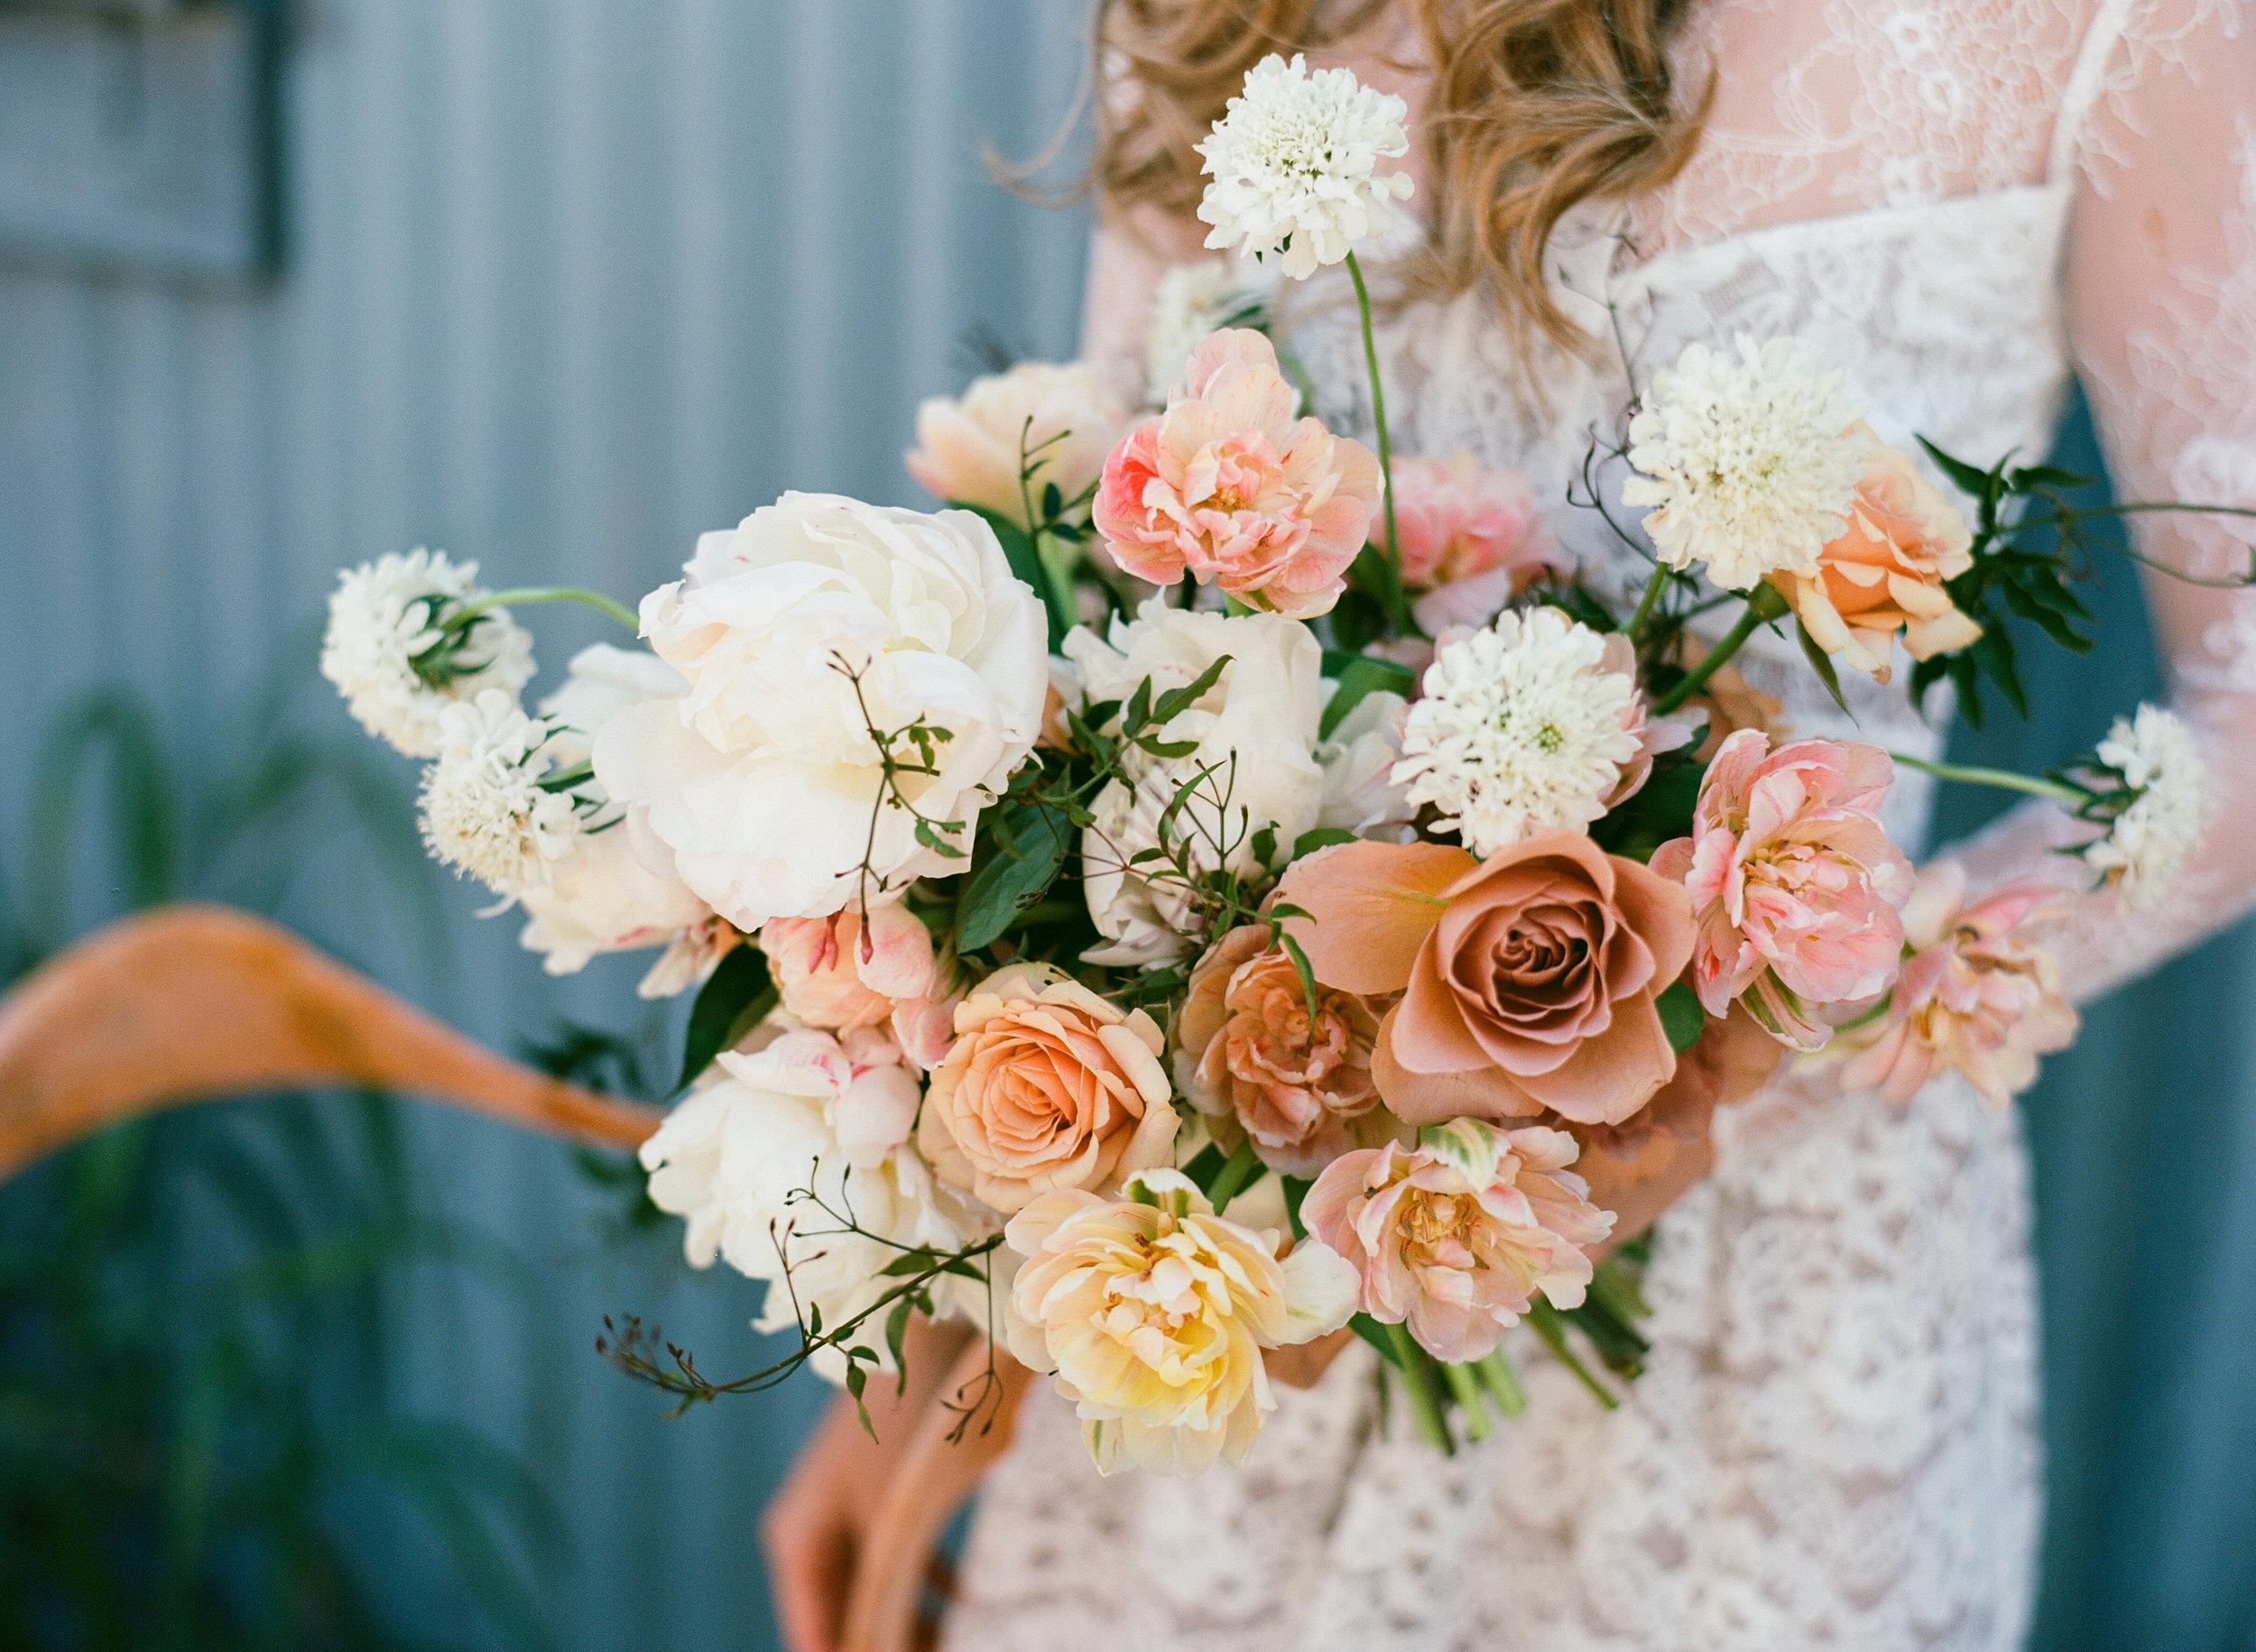 moonstruck_florals_tallahassee_wedding_florist_pink_bouquet.jpg
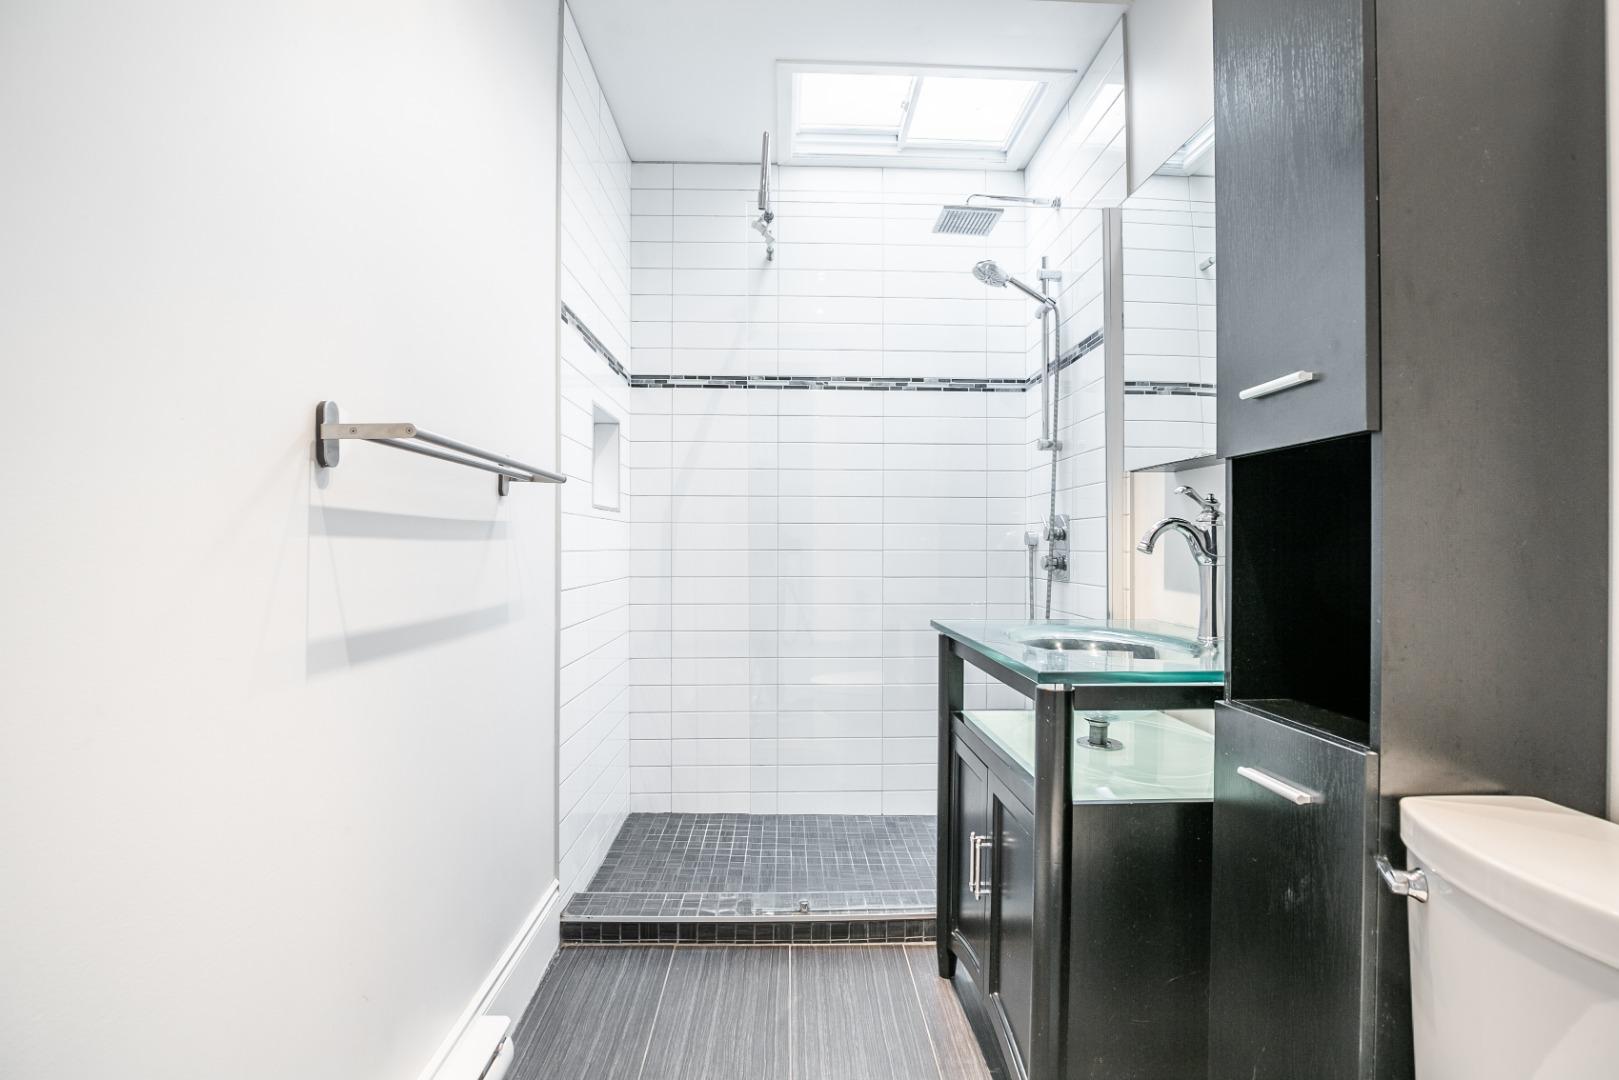 Appartement à louer Rosemont - 6403, rue de Bordeaux 19
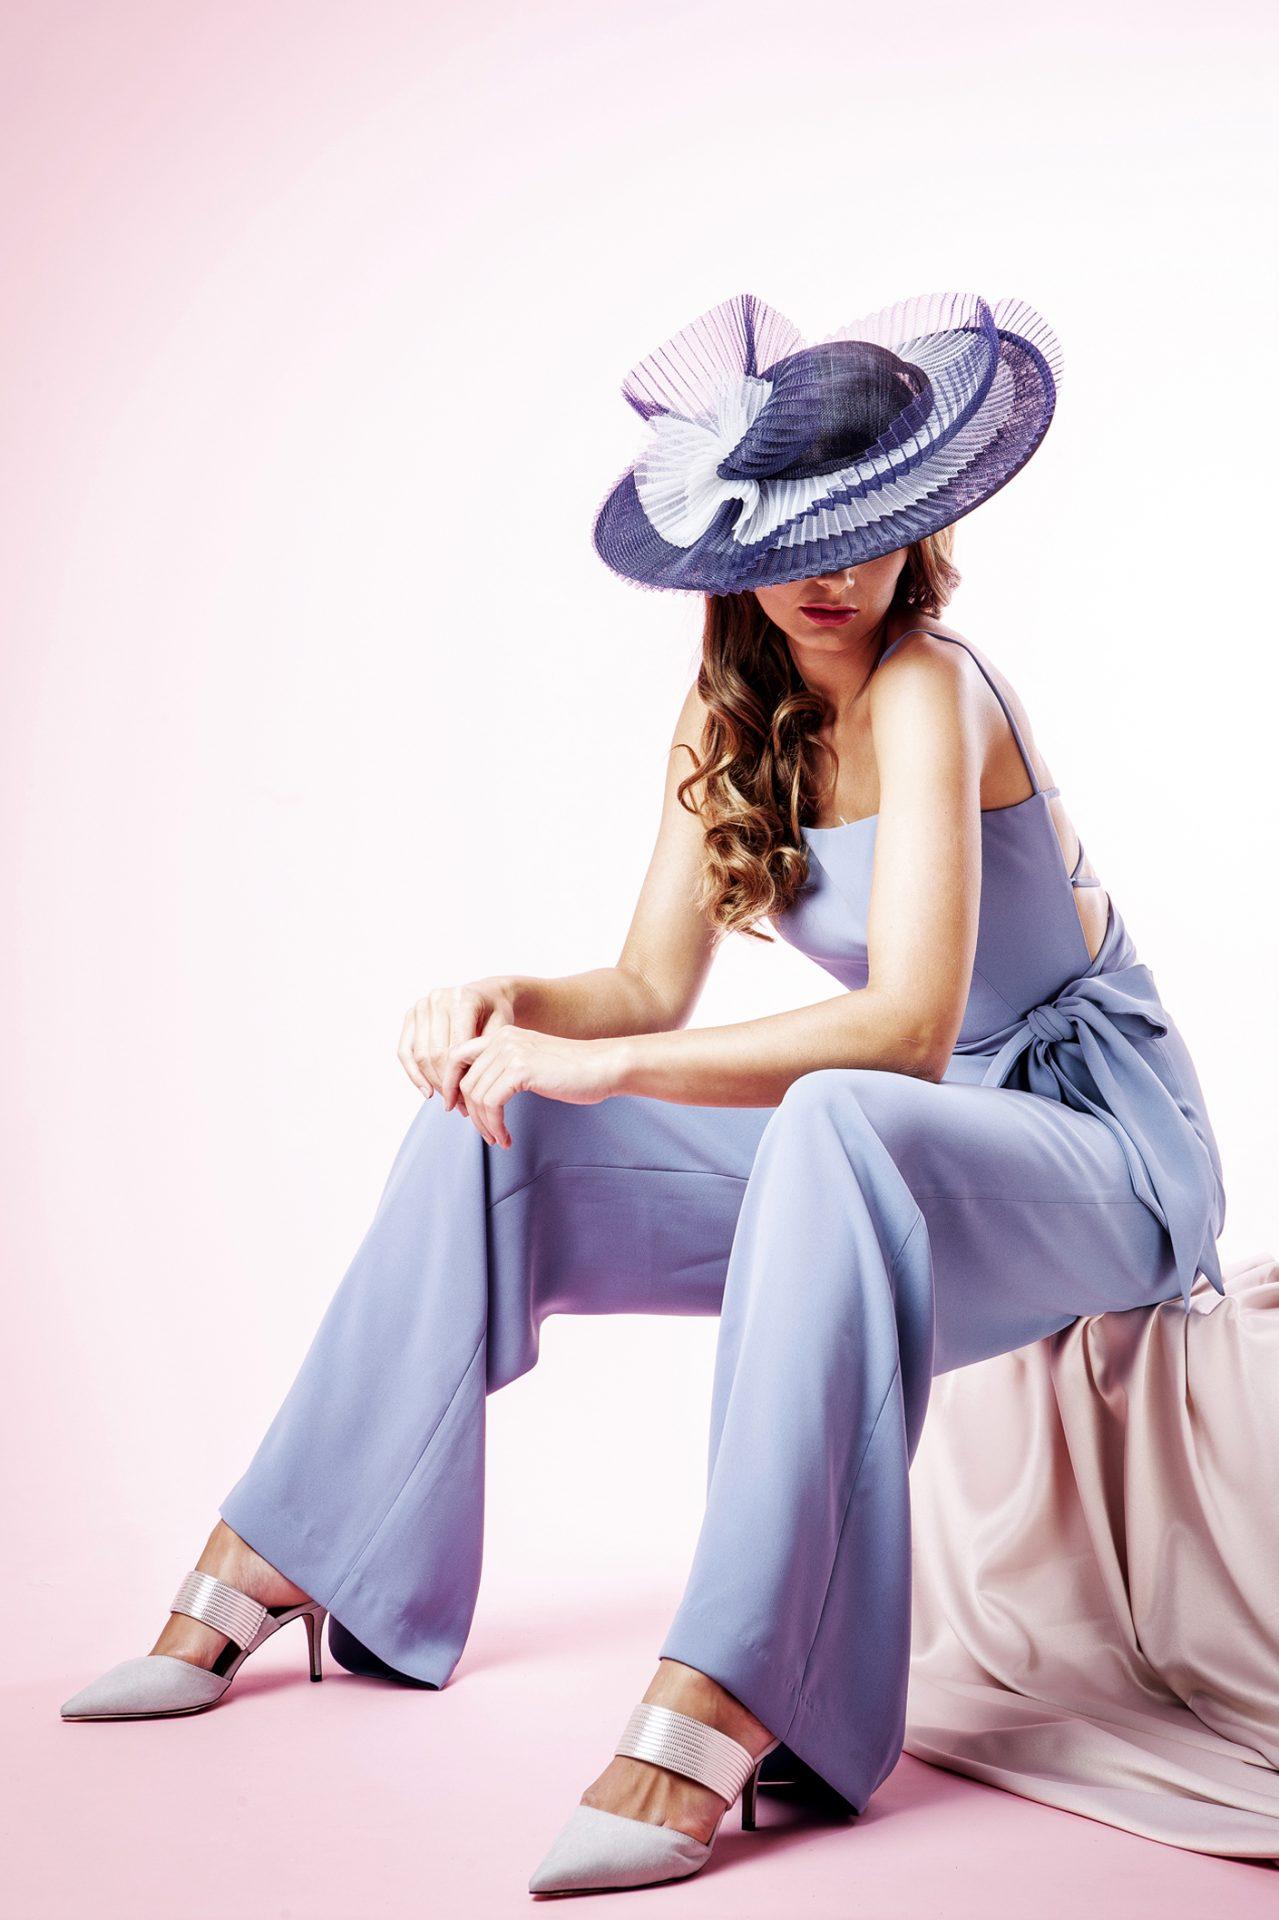 fashion-photography-womenswear

Task description:
Go through the material above and retype every line exactly, without the images.

Written answer:
 moonstruck_florals_tallahassee_wedding_florist_pink_bouquet.jpg
 Appartement à louer Rosemont - 6403, rue de Bordeaux 19
 fashion-photography-womenswear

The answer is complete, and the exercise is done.